For the first scenario, we can use different hashing algorithms. However, consistent hashing or its flavors usually perform well in distributed systems because simple hashing won’t be ideal in case of crashes or scaling.
In the second scenario, we can use typical hash functions to locate a cache entry to read or write inside a cache server. However, a hash function alone can only locate a cache entry. It doesn’t say anything about managing data within the cache server. That is, it doesn’t say anything about how to implement a strategy to evict less frequently accessed data from the cache server. It also doesn’t say anything about what data structures are used to store the data within the cache servers. This is exactly the second design question of the storage mechanism. Let’s take a look at the data structure next.
Linked list#
We’ll use a doubly linked list. The main reason is its widespread usage and simplicity. Furthermore, adding and removing data from the doubly linked list in our case will be a constant time operation. This is because we either evict a specific entry from the tail of the linked list or relocate an entry to the head of the doubly linked list. Therefore, no iterations are required.
Note: Bloom filters are an interesting choice for quickly finding if a cache entry doesn’t exist in the cache servers. We can use bloom filters to determine that a cache entry is definitely not present in the cache server, but the possibility of its presence is probabilistic. Bloom filters are quite useful in large caching or database systems.
Sharding in cache clusters#
To avoid SPOF and high load on a single cache instance, we introduce sharding. Sharding involves splitting up cache data among multiple cache servers. It can be performed in the following two ways.
Dedicated cache servers#
In the dedicated cache servers method, we separate the application and web servers from the cache servers.
The advantages of using dedicated cache servers are the following:
- There’s flexibility in terms of hardware choices for each functionality.
- It’s possible to scale web/application servers and cache servers separately.
Apart from the advantages above, working as a standalone caching service enables other microservices to benefit from them—for example, Cache as a Service. In that case, the caching system will have to be aware of different applications so that their data doesn’t collide.
Co-located cache#
The co-located cache embeds cache and service functionality within the same host.
The main advantage of this strategy is the reduction in CAPEX and OPEX of extra hardware. Furthermore, with the scaling of one service, automatic scaling of the other service is obtained. However, the failure of one machine will result in the loss of both services simultaneously.
Cache client#
We discussed that the hash functions should be used for the selection of cache servers.
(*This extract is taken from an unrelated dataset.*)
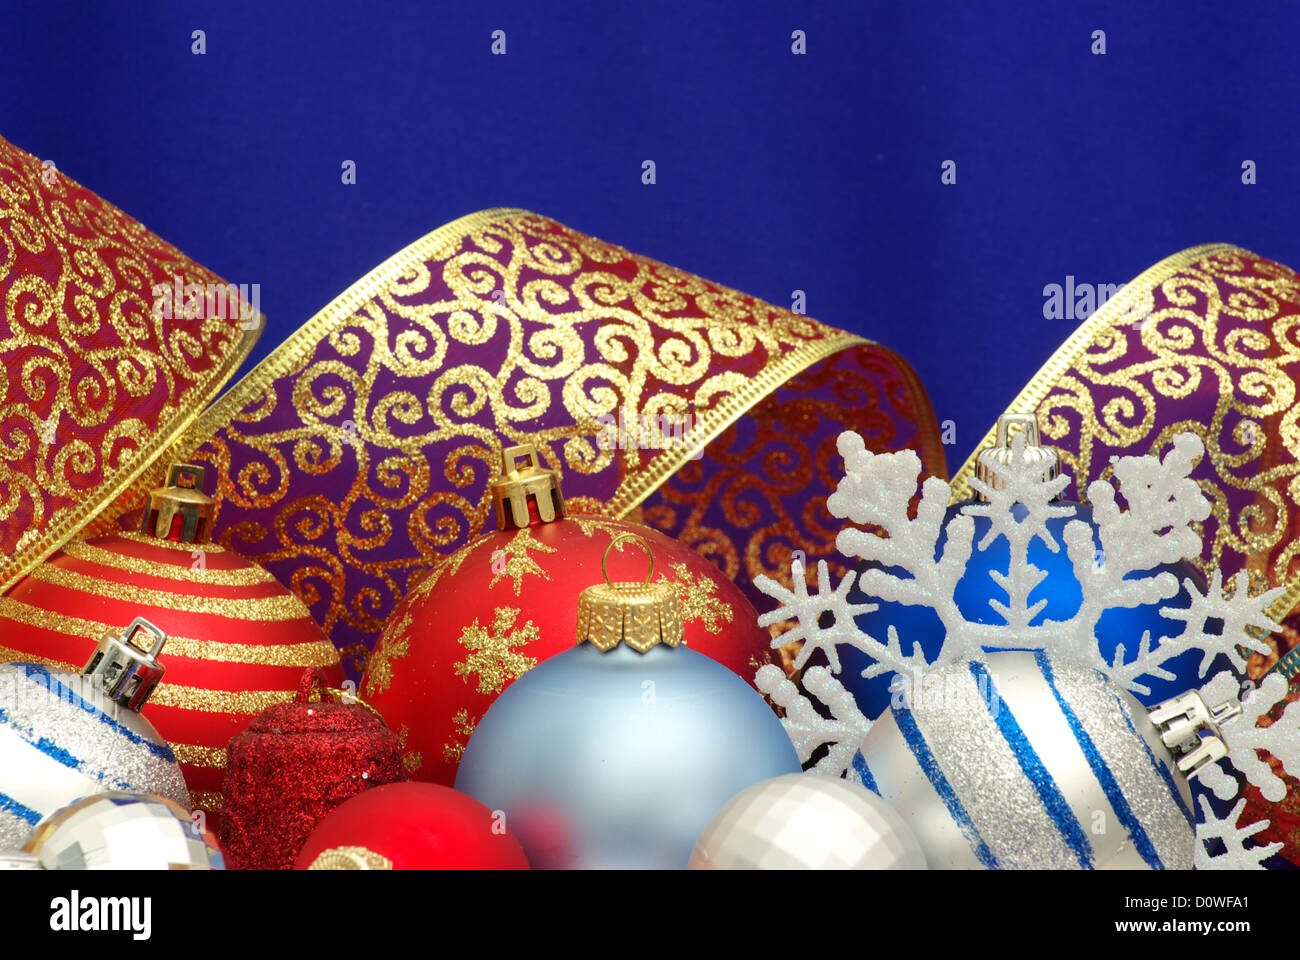 Christmas Decoration isolated on blue background Stock Photo

But what entity performs these hash calculations?
A cache client is a piece of code residing in hosting servers that do (hash) computations to store and retrieve data in the cache servers. Also, cache clients may coordinate with other system components like monitoring and configuration services. All cache clients are programmed in the same way so that the same PUT, and GET operations from different clients return the same results. Some of the characteristics of cache clients are the following:
- Each cache client will know about all the cache servers.
- All clients can use well-known transport protocols like TCP or UDP to talk to the cache servers.
Point to Ponder
Question
What will be the behavior of cache clients to an access request if one of the cache servers is dead?
Since the data within the cache servers will no longer be available, cache clients will mark that access request as a cache miss.
Conclusion#
In this lesson, we learned what distributed caches are and highlighted their significance in distributed systems. We also discussed different storage and eviction mechanisms for caches. Caches are vital for any distributed system and are located at different points within the design of a system. It’s important to understand how distributed caches can be designed as part of a large system.